I also purchased a binocular microcope to go along with my setup. I was just curious as to know of the microscopic activity that goes on inside my tanks. Most people won't go this far but I am nerdy like that, lol. The scope is a Omax 40x-2000x Led Compound microscope. I had a cheap scope as a kid and really enjoyed it. Now that I make my own money, I can get a much nicer one, so I did. The whole setup pictured was about $250 perhaps.

Fun time component


Plumbing
These are just some of the parts and pieces I have purchased to plumb all my tanks. Some pieces have been bought twice or a work around solution took place when things didn't work our too smoothly causing extras fittings to be purchased. I have made 3-4 large purchases from an online pvc site. PVCfittingsonline.com to be exact. They have the cheapest and best selection of hard to find or non-common items that you just can't get locally. The catch is that there is a minimum dollar amount you must spend. So tally up everything and make large orders when possible. I purchased all the 10ft sticks locally though. 

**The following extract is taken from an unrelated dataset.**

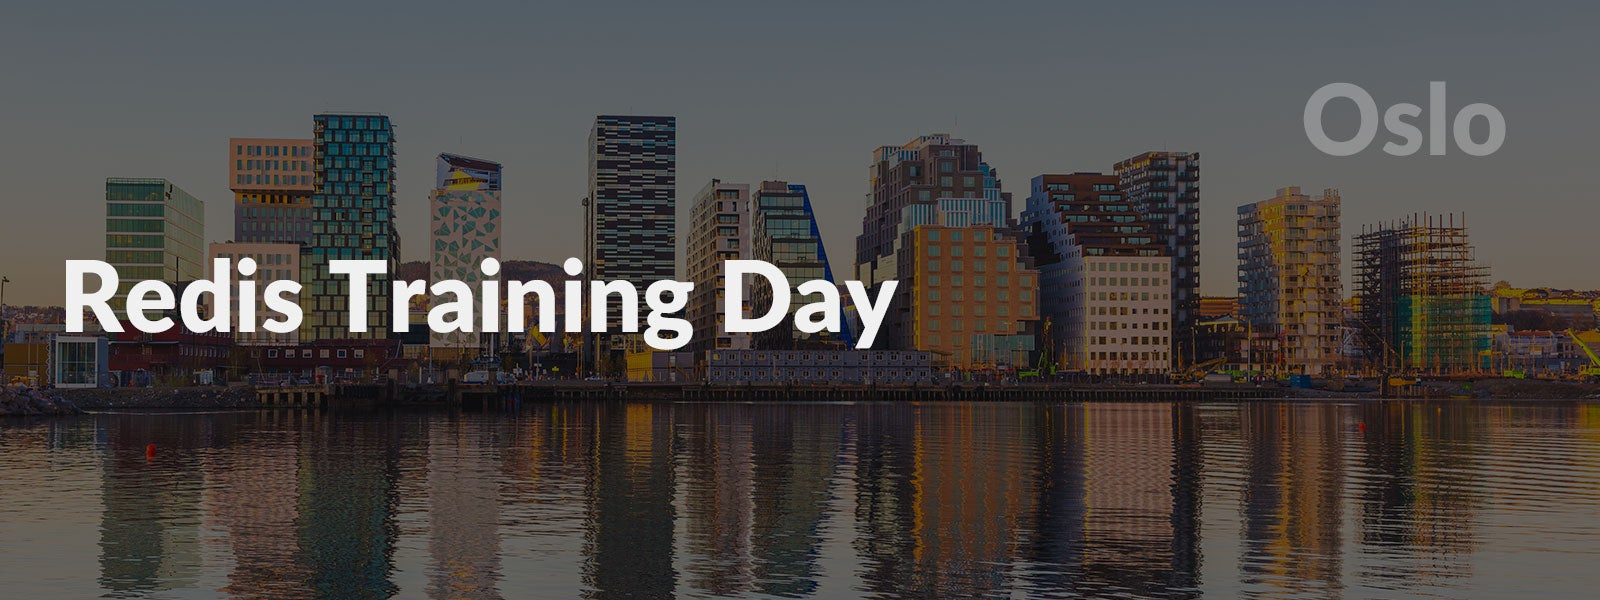 Redis Training Day Oslo

I run class 200 piping on everything that I could. Sch 40 is like 1/4” thick vs 1/16” thick for class 200 piping. You can drain and pump a lot more volume with the thinner and cheaper pipe. We will never exceed the psi pressure limit of class 200 piping. Lowes carries it in 1/2”, 3/4” and 1”. Home Depot only carries 3/4” and 1” in my area. Other parts of the country will have a similar Home Improvements center that is similar I am sure. Now the spa tubing is sch 40. There is no getting around that but it does limit elbows and lowers friction loss. Do not use primer with spa tubing, ever. The connection will not hold and you can actually pull them apart with your bare hands. Try doing that when the connection is made with glue only and you will get a hernia in no time, lol. Also use glue that is rated for flex pipe/spa tubing. Christys is what I use and it's awesome. Don't forget latex or nitrile gloves. I have large hands and nitrile gloves are great with minimal loss of gloves due to them tearing. I have probably spent $300 or so on piping alone. Each roll of spa tube is about $50 bucks a pop on Amazon for a 50' roll. I have 1/2”, 3/4” and 1” purchased so it all adds up.

PVC sticks


One of many boxes of nothing but pvc fittings purchased. I think I have a small plumbing store in my garage because of this project, lol.




Construction Updates
I have spent half my time here. Trying things out here an there, modifying this or that, redoing or completely starting over. There is a lot of behind the scenes stuff here. This and my work schedule are the prime reason for slow updates. There have been a few times when working on the project just isn't possible due to having to put in overtime at work.

90g update
The current setup has actually been like these for several months now. I ran it for several weeks to test it out and I had some tweaks to make. I originally had the setup with 1.5” drains. With the lower filtration requirements for Freshwater vs Saltwater, I could afford to decrease the pipe size and so I ended up going to 1” drains just as the garage setups. The problem with the 1.5” is that it was too hungry for water. Even with the Jebao 6000 (1500+gph) on max with about 5ft of head, it wanted more from the drainage system. The 1.5” drains turned out to be much louder than I expected. Being in my living room as my main tank, I can't have the noise levels high at all. The 1” drains in the garage was very quite so I went back to it for the main display. I should have followed my first mind in the first place here. System drain decibels lowered quite a bit with the change. Drains stabilized much better as well for they don't get drained from the overflow box as quickly. 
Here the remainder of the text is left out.